Another possibility is reinforcement learning that uses feedback from vulnerability scanners or formal checks as part of the training signal. In such a setup, an agent would be penalized not just for failing a unit test, but also for introducing patterns that tools identify as security risks. The paper suggests that methods along these lines could help agents internalize secure coding norms over time.

Sandboxed execution environments are a further area of interest. By running agent-generated code in isolated containers with instrumentation, systems could observe real behavior under a range of inputs and detect security-relevant anomalies during the generation process. This might make it easier to identify dangerous interactions that static analysis alone misses.

Finally, the authors point to the value of more comprehensive benchmarks that reward defense in depth rather than just test passing. SUSVIBES itself is framed as a step in this direction, focusing explicitly on the gap between functionality and security in realistic tasks. Future benchmarks could expand coverage to more domains, languages, and deployment environments to capture additional classes of risk.

A Cautious Path Forward for Vibe Coding

The main lesson from SUSVIBES is that functional success by current coding agents does not imply safe behavior. In many tasks, the agents achieve the requested feature and satisfy existing tests while leaving code in a state that remains vulnerable to known attack techniques. For teams that rely heavily on automated tools, this gap can be easy to overlook.
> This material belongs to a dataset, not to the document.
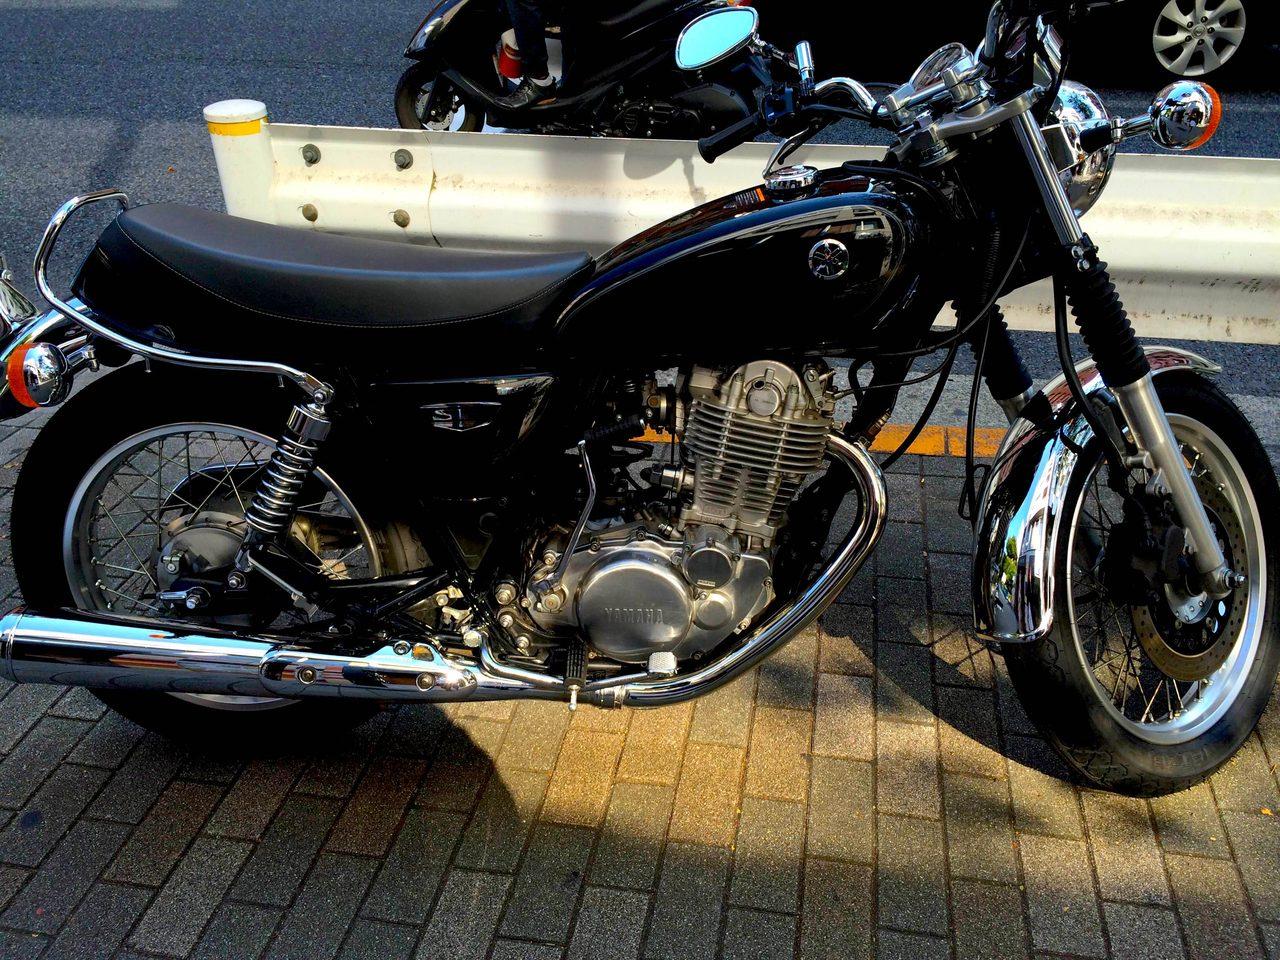 画像: ロレンス編集部に「YAMAHA SR400」がやってきた!! - LAWRENCE(ロレンス) - Motorcycle x Cars + α = Your Life.

As organizations experiment with vibe coding workflows, the study suggests that they should pair these tools with strong security processes rather than expecting the agents to enforce those norms on their own. That includes investing in reviewer education, updating development guidelines to address AI-generated changes, and maintaining layered defenses in production systems.

Over time, improvements in model training, agent design, and benchmarking may narrow the gap between functionality and security. Until then, treating agent output as a starting point that still requires human security review appears to be the most prudent approach. The SUSVIBES results indicate that speed gains from current coding agents come with a responsibility to manage the security risks they can inadvertently introduce.